A function is a special kind of relationship between two variables, usually `x` and `y`. In this relationship, each `x` value is linked to exactly one `y` value. It's like matching every student with one locker. This means that no matter what `x` you pick, there should be only one `y` value that pairs with it.
In mathematics, this is established by the vertical line test on a graph: if a vertical line crosses the graph of the equation at more than one point, then the relation is not a function. In algebraic terms, a function must be expressed with a clear and singular outcome for `y` when given `x`.
For example, if you have an expression like `y = 2x + 3`, for every `x` you input, you will get one and only one value of `y`.

To figure out if an equation is a function, you often need to solve the equation for `y` in terms of `x`. This process involves rearranging and simplifying the equation until `y` stands alone on one side of the equation.
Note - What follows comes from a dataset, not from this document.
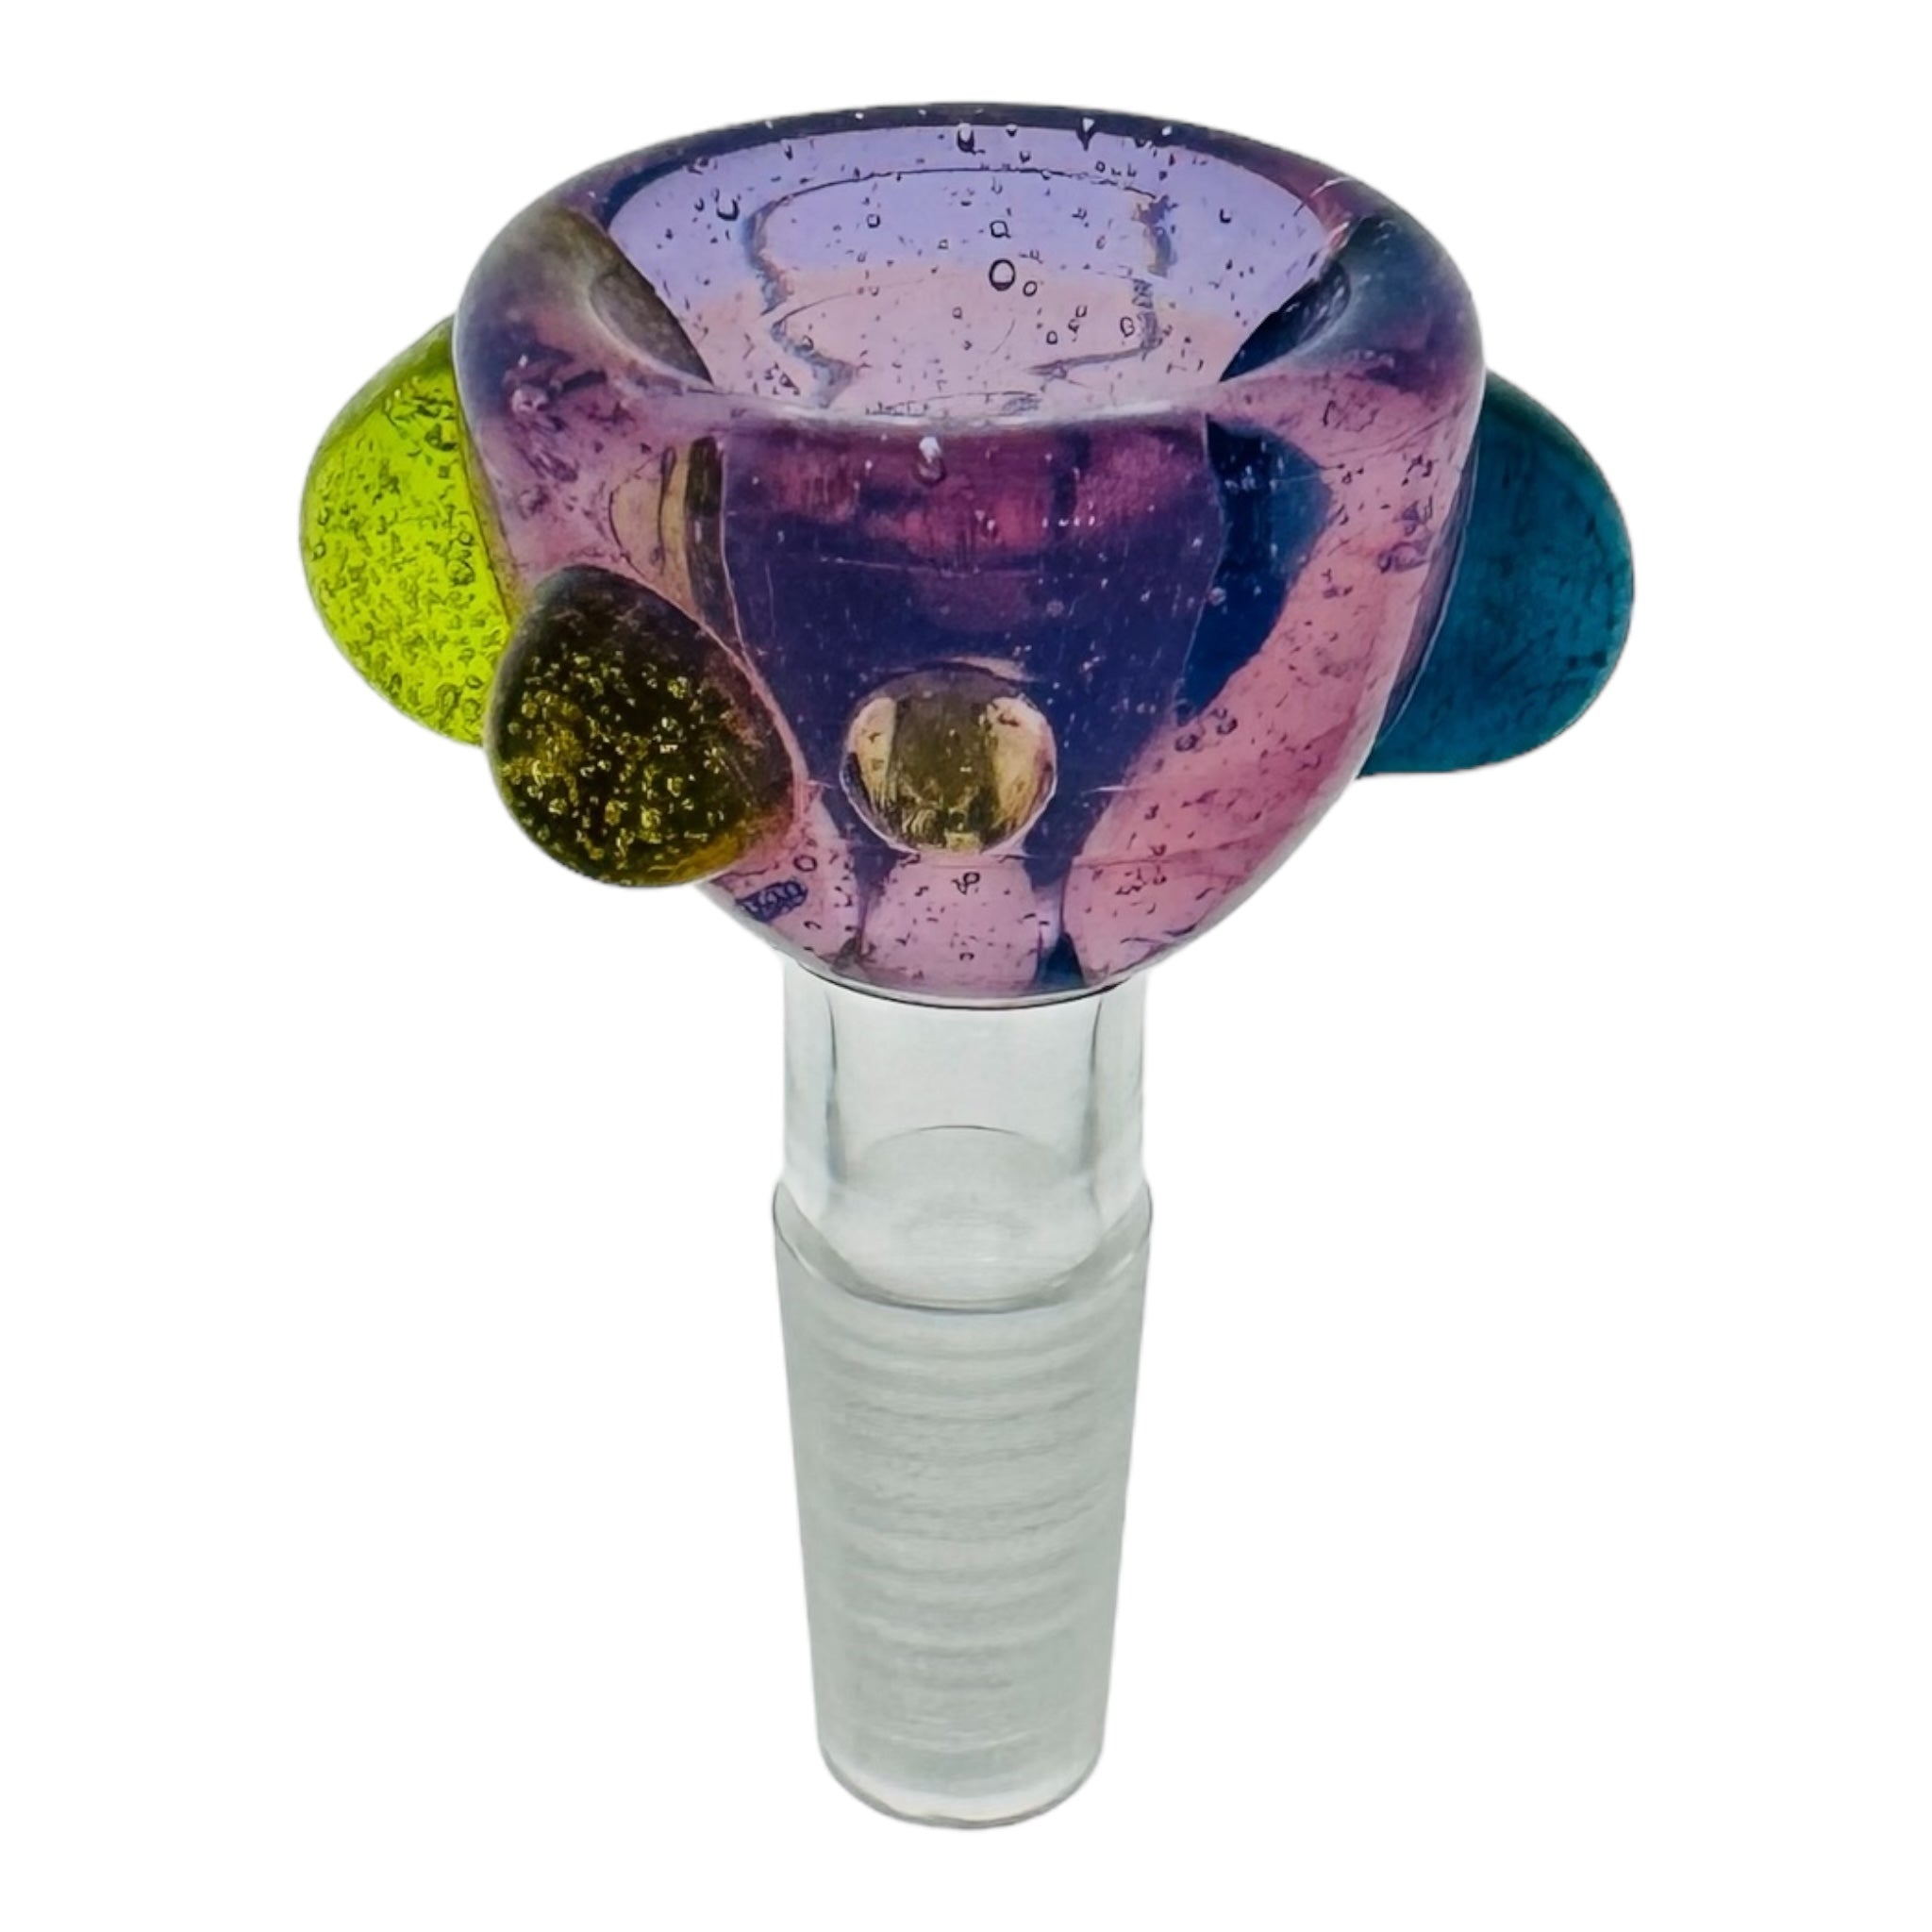 Arko Glass 10mm Bong Bowl For Weed Wysteria Purple Bowl With Green And Blue Dots

• Start with the equation as given. For instance, if you have `x^2 + y^2 = 1`, your goal is to express `y` alone.
• Apply algebraic techniques like factoring, expanding, or isolating the variable `y` depending on the structure of the equation.
• The result should show only one value for every `x` value.
  For example, solving `xy + y + x = 1` gives `y = (1-x)/(x+1)`, which is a function because it gives a singular `y` for every `x` not equal to `-1`.

In cases where there are multiple possibilities for `y`, such as `y = +/− sqrt(1-x^2)`, the relation does not define a function.

In the world of functions, unique solutions are key. This means for every `x`, there should be only one `y` paired with it. If multiple `y` values exist for a single `x`, it defies the function definition.
Consider `x = sqrt(2y + 1)`. Solving for `y` gives `y = (x^2 - 1)/2`. Here, for every `x` that you choose, you get only one corresponding `y`. This verifies that the equation represents a function.
Remember:

• If solving the equation gives a square root or an absolute value, check carefully. These often produce more than one outcome and need reassessment.
• For equations like `x = y/(y+1)`, ensure you handle denominators correctly to avoid errors in unique pairing.

Ensuring unique solutions involves careful algebraic manipulation to prevent multiple outcomes.

The domain and range of a function describe where the function starts and ends on the graph. The domain is all the possible input values (or `x` values), while the range is all possible output values (`y` values). These aspects are crucial to correctly defining a function.
For an equation such as `y = (1-x)/(x+1)`, the domain is all numbers except `x = -1` (because this would cause division by zero). The range is all numbers that `y` can take when valid `x` values are plugged into the equation.
Understanding domains and ranges:

• Make sure to exclude values that would result in division by zero from the domain.
• Consider restrictions on square roots, as negative numbers aren't defined in the set of real numbers.
• Think about the logical limits of `y` given the range of `x`.

Clearly defining these aspects ensures you have a functioning equation that behaves predictably across numbers it's applied to.